1 of 1 people found this review helpful
The enthusiasm! Our prof is enthusiastic when he talks about Linear A and Linear B; I'd have said it couldn't be done.
There is a lot of information in this course, and all cheerful and charming. I expect to listen to it again. The Great Courses company has a lot of material on linguistics, and I think this was a fortunate first, since I mean to hear more of them.
1 of 1 people found this review helpful
An illuminating survey of the history and mechanics of writing. Spans millennia and continents but nevertheless offers enough detail and real-world examples to make the broader analysis accessible. You'll be surprised at how much you didn't know about writing, and how much of what you knew was wrong.
1 of 1 people found this review helpful
History buffs need to buy this book. It will change your view on so many things.
2 of 3 people found this review helpful
I found this quite enlightening. A fine course.
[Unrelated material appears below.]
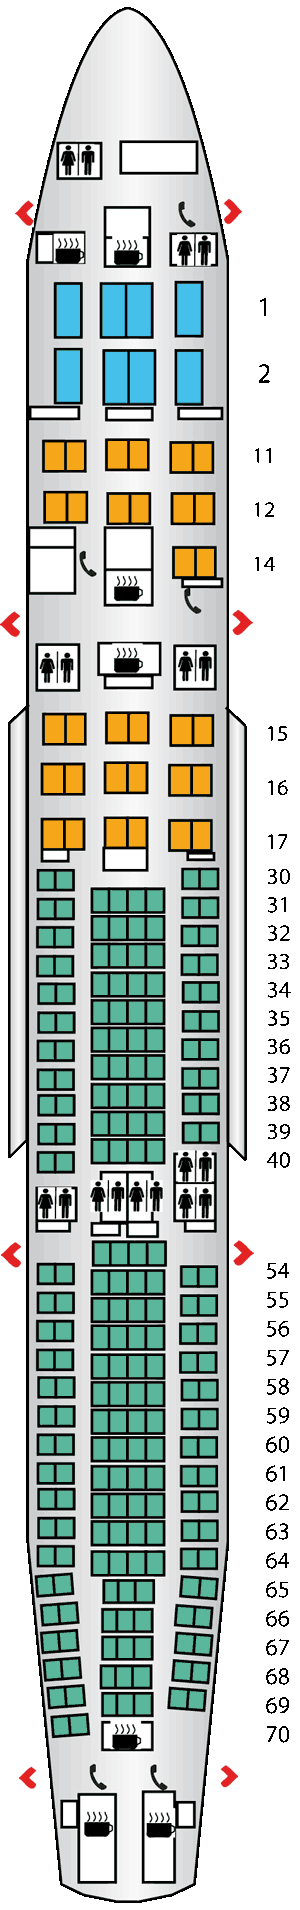 airbus seating plan. airbus a330 300 seat plan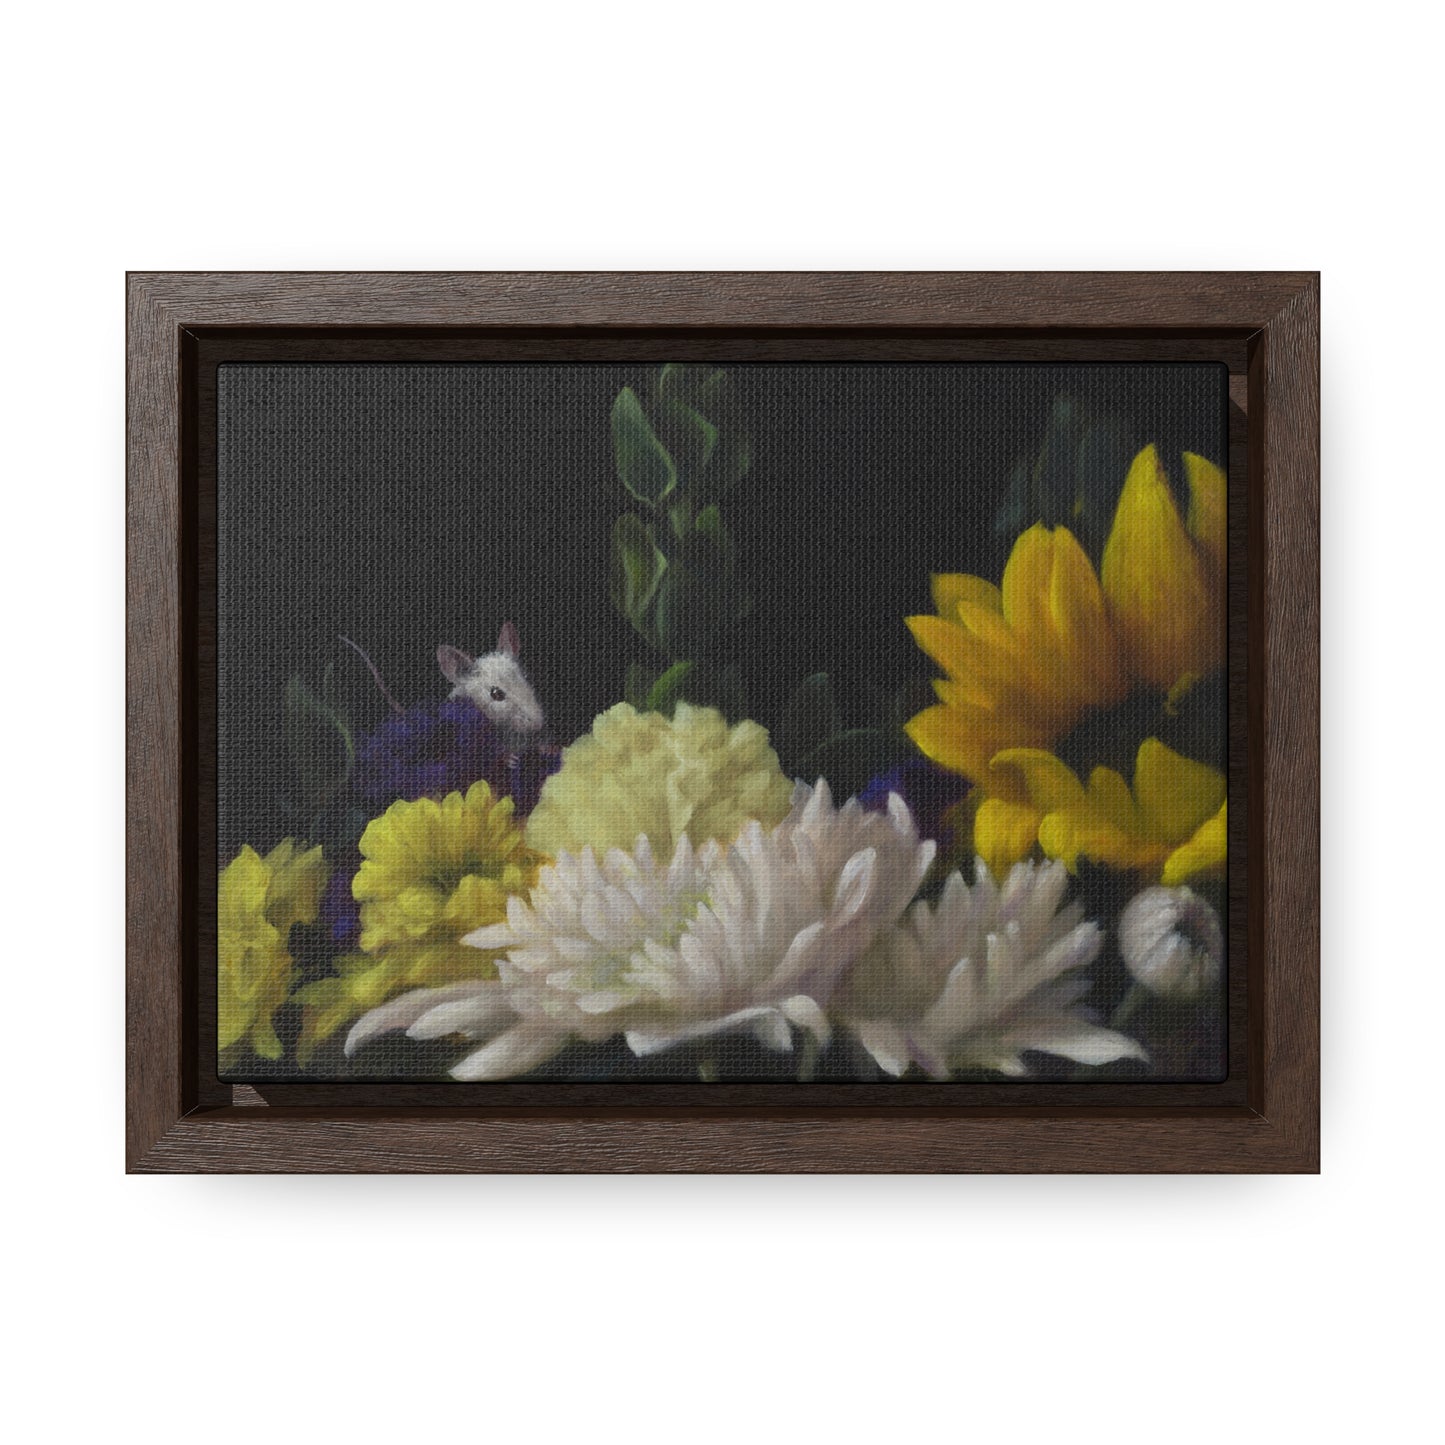 Stuart Dunkel: "Flower Power" - Framed Canvas Reproduction

But half of it was wasted because you really neaded pictures of the scripts and comparisons to really enjoy the course. I kept listening though it became somewhat leanghy because of this.
The other half was a more historic account of the creation and ideas of script in ancient times and descriptions of various types of script. That part was very nice and interesting.
Any audiobook which has me choosing to listen to it rather than Radio 4 when I'm driving must be good.
Initially the information given was more along the lines of what I'd already heard and half remembered or sometimes what seemed obvious once explained; but more and more the course took me into unfamiliar territory, yet remained easy to listen to.
It certainly also swept away some preconceptions that I had about Mayan and Aztec scripts which I gphad not particularly thought about, but had not realised were so developed.
I would say the one draw back is that although there is a PDF which can be downloaded with the book this must be the audio track of a video course. There are a number of references in later sections where it is clear Zender is showing something, for example he spoke of different styles of copying Mayan script, but we only have the final version in the pdf. This should should not put off those who have a general interest in the subject as he gives a good verbal description, but might be more of a problem to someone who is listening as part of a formal study programme. This is the only reason I've marked it down slightly.